Just yesterday, I frankly shared how tired I am of hearing, talking, reading and writing about the Fed.
But one nagging question remained in my head last night as I digested the “no taper” news: Will we ever see “full employment” again?
That’s a question easily overlooked if you’re actively invested in the financial markets. After all, the Fed’s truly unprecedented policies are driving the price of risk assets higher. Some analysts call the gains illusory, or any other outrage-connoting term indicating that current prices, while real, are theoretically wrong.
Yet, as a technically-bent, trend-following trader… I see yesterday’s surge in stock prices as little more than a continuation of the current trend. I trade with the trend, until it reverses. And it hasn’t reversed yet. So let’s skip the fight over where everyone thinks the market should be priced and move on to a better speculative question: What will “full employment” mean over the next 50 years?
Here’s a chart showing a long-run average of the U.S. unemployment rate.
Since 1950, the unemployment rate has averaged around 5%.

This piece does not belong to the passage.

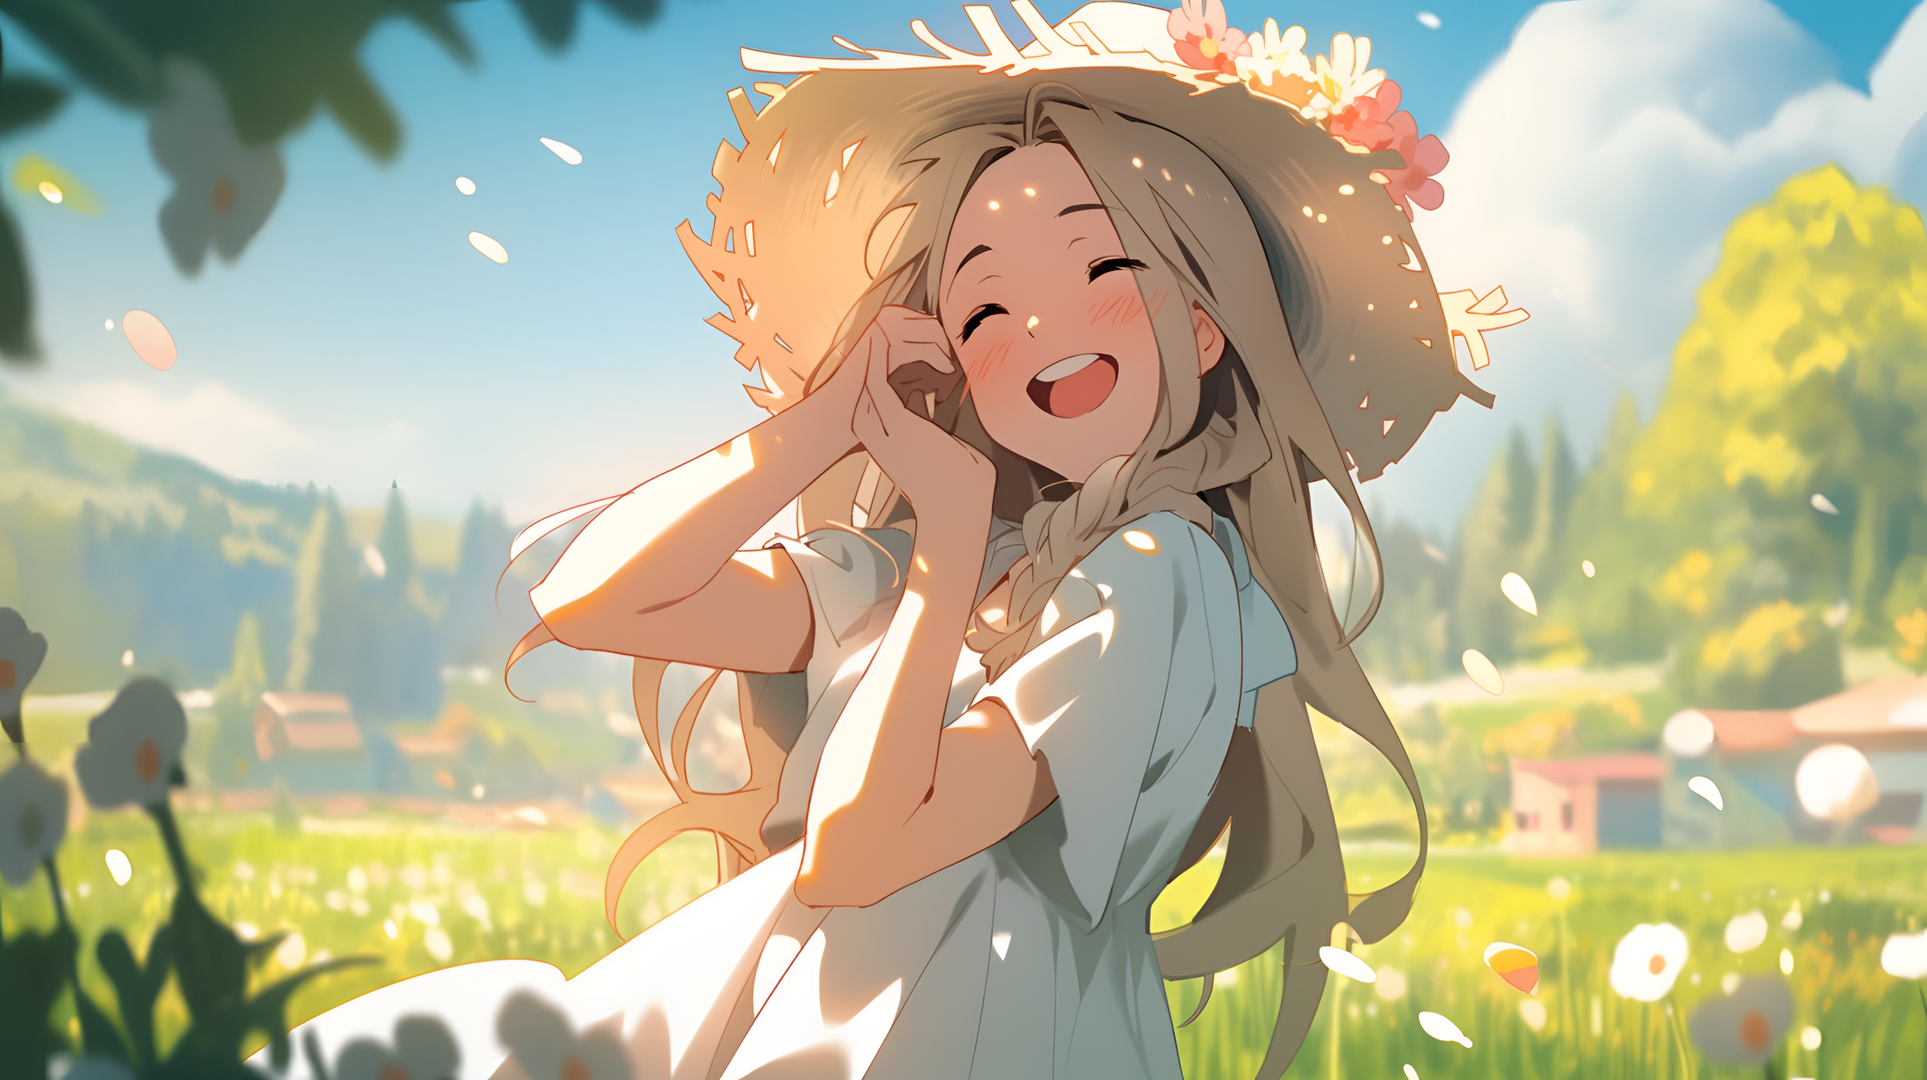 Smiling Anime Girl Closed Eyes Icon: Vector có sẵn (miễn phí bản quyền)  1905288145 | Shutterstock

So, is that the number Ben Bernanke eyes as he works to reach the “full employment” half of his dual mandate? If so, I think the Fed is fighting a losing battle.
First, the Fed’s stimulus has done little to heal the jobs market. We’ve talked about this before, at length. The unemployment rate has come down from 10% in October 2009 to 7.3% currently, but most of that is attributed to job seekers giving up or accepting part-time work, not finding real jobs.
Here’s another chart, clipped from the always-cynical ZeroHedge, showing the Fed’s return on its jobs growth spend:
On this count, the Fed seems uniquely ill-equipped to “fix” the unemployment problem. But who says 5% unemployment should be the goal moving forward?
A lot has changed since 1950… industrial automation has been displacing workers for years and even more disruptive technologies are on the horizon. Rather than blaming the current unemployment rate on the Great Recession (obviously the trigger but not necessarily the root cause) or the Fed’s inability to push it back in line quickly, one has to wonder if we’re witnessing a structural change – a new economy, in which fewer employees are required to produce the same volume of goods and services.
If that’s the case, it clearly suggests a bleak future for hundreds of thousands of job seekers. And it means the Fed is fighting a battle it won’t win. Sometimes it’s fun to root for the underdog (i.e., the Fed). Let’s hope this one plays out more like Rudy or The Natural than The Charge of the Light Brigade.
I wouldn’t be surprised to see the unemployment rate average closer to 7%, not 5%, over the next 50 years, whether the Fed’s foot is on the gas or not.